Coherence between the caches has to be enforced in order for correct execution. This process is affected by two main factors: Performance and implementation cost.

Fig. 22.1
figure 1

Cache coherence problem

In general in hardware-based, there are two methods for cache coherence, a snooping protocol and a directory-based protocol. The Snoopy cache-coherence methods require sending information to all of cache controllers. However, if the number of cores increased the cache messages will increase, also then the required bus which connect the caches and all messages pass through it bandwidth will be bigger than available one, then total saturation of bus bandwidth occurs. These techniques can be used in small-scale systems due to this limitation. However, the Directory-based protocol, scales to larger numbers of processors or cores than snoopy-based coherence protocol, since it enables multiple coherence actions to take place at the same time.

There are three critical attributes that have an impact on the performance of any cache coherence protocol, thus being:

Low-latency Cache-to-Cache Misses: A cache-to-cache miss is a miss frequently caused by accessing shared data that requires another processors cache to provide the data. To decrease the latency of cache-to-cache misses, a coherence protocol should ideally support direct cache-to-cache misses [33]. To efficiently support the frequent communication and synchronization in these workloads, systems are required to optimize the latency of cache-to-cache misses [6].

Bandwidth Efficiency: A cache coherence protocol should conserve bandwidth to decrease the cost and avoid interconnect contention (since contention reduces performance).

Scalability Challenges: Hardware resources must scale efficiently, as the future is multithreaded. Memory hierarchy is the main hardware scalability dilemma. CMPs depend on large, multi-level cache hierarchies to diminish the high cost, limited bandwidth and high latency of main memory. Caches generally use nearly the half of chip area and a substantial fraction of system energy. The main problems limit cache hierarchies scalability are cache associativity, partitioning and coherency. Caches currently spend significant energy and latency to implement associative lookups, making them inefficient and have a considerable impact on system performance. The previously proposed partitioning techniques suffer from two main weaknesses: they are not scalable and limited to a small number of coarse-grain partitions, and partitioning often reduces performance. Also, traditional coherence schemes do not scale beyond a few tens of cores.

The objective of this paper is to explain the relative behavior of different coherence protocols (traditional protocols and Token Coherence based protocols). We aim not to (1) Generate ultimate execution times or throughput rates for our simulated systems or (2) Evaluating such protocols on all of the future’s system configurations. We use an approximation of a chip multiprocessor system in order to accurately obtain relative comparisons and evaluations instead. Full system simulation and modeling of the first-order timing effects for approximating an aggressive multicore system operating commercial loads are the means to reach such an aim. Our goal is to get the first-order effects, although similar to most architectural simulations—Capturing all system’s aspects in precise detail is not what we try to do.

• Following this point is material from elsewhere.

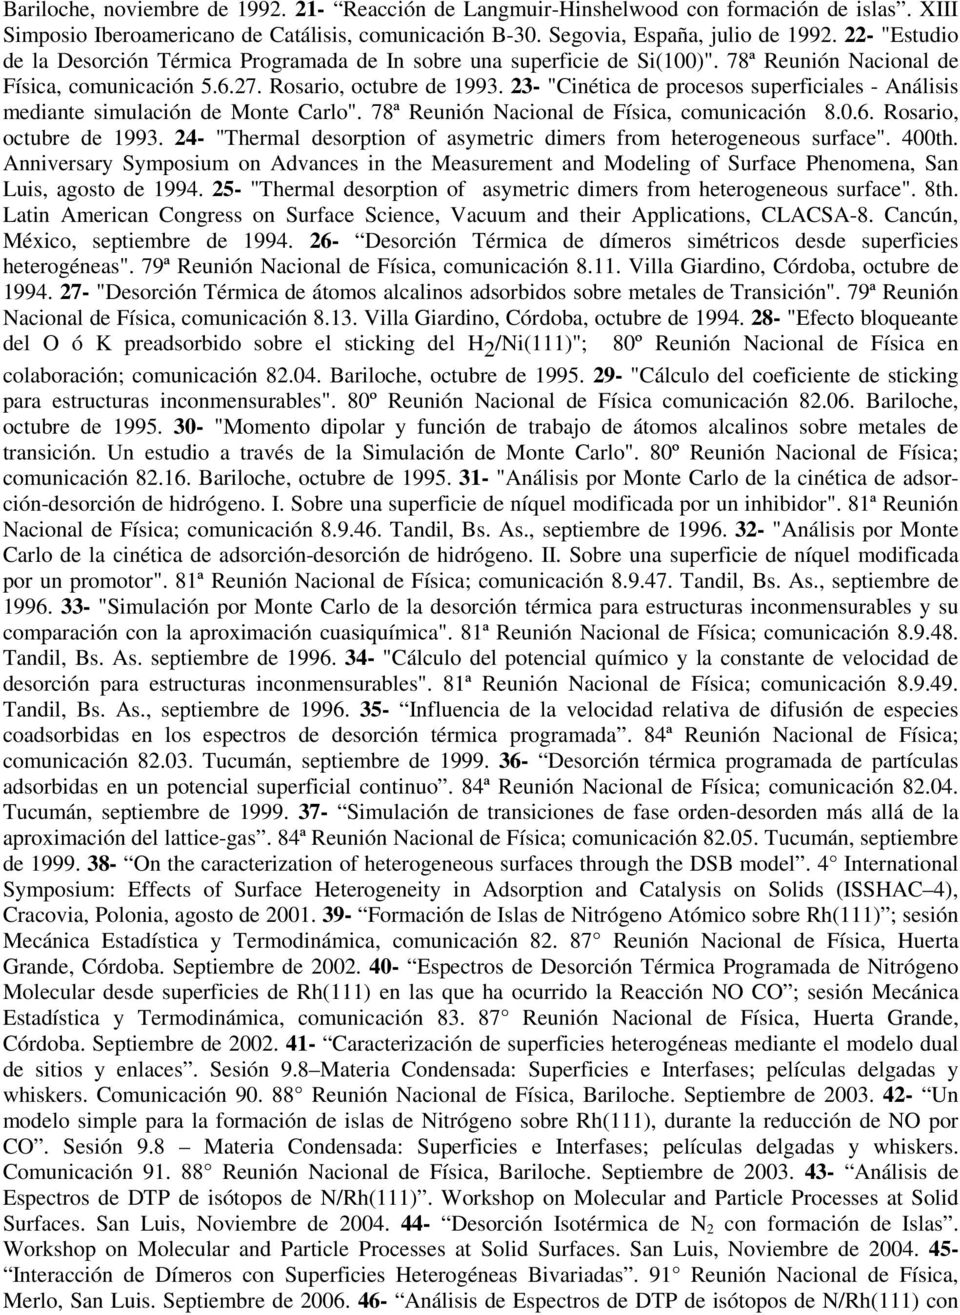 23- "Cinética de procesos superficiales - Análisis mediante simulación de Monte Carlo". 78ª Reunión Nacional de Física, comunicación 8.0.6. Rosario, octubre de 1993.

2 Background and Related Work

In this section, we describe the traditional protocols (Snooping based protocols and Directory based protocols) in addition to the Token coherence protocol: how they are working, what the advantages and disadvantages of each of them and how the improvement of these protocols can be done.

2.1 Snooping Protocols

In Snooping protocols the processor cores snoop every bus transaction and respond with appropriate state changes for the corresponding cache lines depending on two elements: the cache line status and bus transaction type. Two primary policies classify the snoop-based coherence protocols: the invalidation-based protocols (e.g., the write-once [21], the Synapse [16], the Berkeley [25] and the Illinois [13]) and the update-based protocols (e.g., the Firefly [45] and the Dragon [37]). Hence invalidation-based coherence has been favored over update-based coherence protocols in most up-to-date systems (e.g., [9, 12, 13, 22, 29, 39, 44]), this paper considers only invalidation-based cache coherence protocols.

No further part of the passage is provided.